Она остановилась и повернулась к нему, похоже, более удивленная тем, что он обратился к ней по имени, чем он — вспышкой ее раздражения. Дьявол, он и сам удивился. Просто последнее время она занимала все его мысли, и он не заметил, как начал думать о ней как об Элизабет, вот и…

— Да? — отозвалась она наконец.

— Я пойду с вами.

Ее взгляд не выразил ничего, кроме недовольства.

— А вы способны передвигаться бесшумно? Я бы не хотела, чтобы нас поймали на слежке.

Губы Джеймса дрогнули, он с трудом сдержался, чтобы не расхохотаться.

— Можете быть уверены, я вас не подведу, — сказал он с величайшей серьезностью. — Смею надеяться, что был неплохим шпионом.

Она состроила мрачную гримасу:

— Какое странное заявление. Послушайте, а вы-то хорошо себя чувствуете?

— Как весенний дождик. Но почему вы спрашиваете?

— У вас такой вид, словно вы сейчас чихнете.

Взгляд Джеймса упал на букет цветов, который навел его на удачную мысль.

— Я всегда чихаю от цветочной пыльцы.

— Но вчера в розарии вы не чихали.

Джеймс прокашлялся, лихорадочно размышляя.

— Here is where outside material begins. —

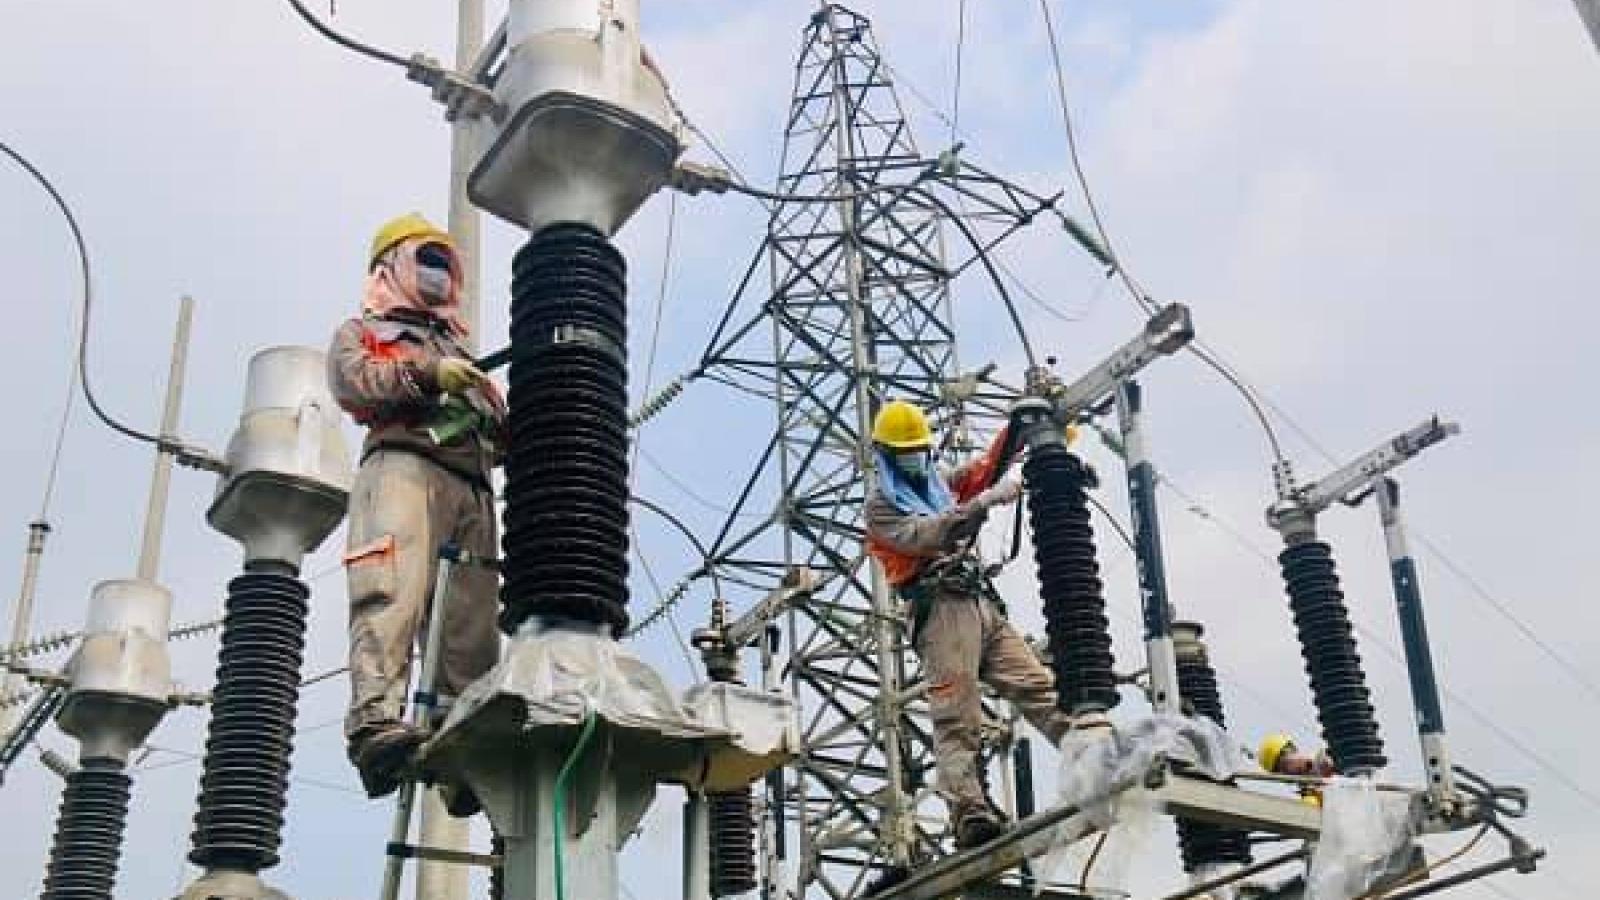 EVN miền Bắc đảm bảo cấp điện an toàn trong đợt cao điểm nắng nóng tháng 5

— Здесь нет роз, — заметил он.

— Как бы там ни было, я не могу взять вас с собой, — заявила Элизабет, покачав головой для пущего эффекта. — По всему саду разбиты цветочные клумбы, и вы будете чихать с интервалом в пару минут.

— Ничего подобного, — поспешно возразил он. — На меня так действуют только срезанные цветы.

Она с подозрением прищурилась.

— Что-то я не слышала о подобном заболевании.

— Я тоже. Никогда не встречал никого, кто страдал бы от этого недуга. Видимо, все дело в стебле. Какая-то… э-э… субстанция попадает в воздух, когда срезают стебель.

Девушка продолжала недоверчиво взирать на него, и Джеймс решил приукрасить свою байку, добавив:

— Только представьте, каково мне приходится, когда я ухаживаю за дамой. Помоги мне Боже, если я вдруг решусь преподнести ей букет.

— Так и быть, — деловито бросила Элизабет. — Пойдемте. Но если вы все испортите…

— Ни в коем случае, — заверил он ее.

— Если вы все испортите, — повторила она, повысив голос, — я никогда вас не прощу.

Джеймс склонил голову и слегка согнулся в талии в легком поклоне.

— Показывайте путь, мисс Хочкис.

Элизабет сделала несколько шагов, затем остановилась и обернулась к нему с нерешительным выражением в глазах.

— Чуть раньше вы назвали меня Элизабет.

— Прошу прощения, — вкрадчиво произнес он. — Я несколько забылся.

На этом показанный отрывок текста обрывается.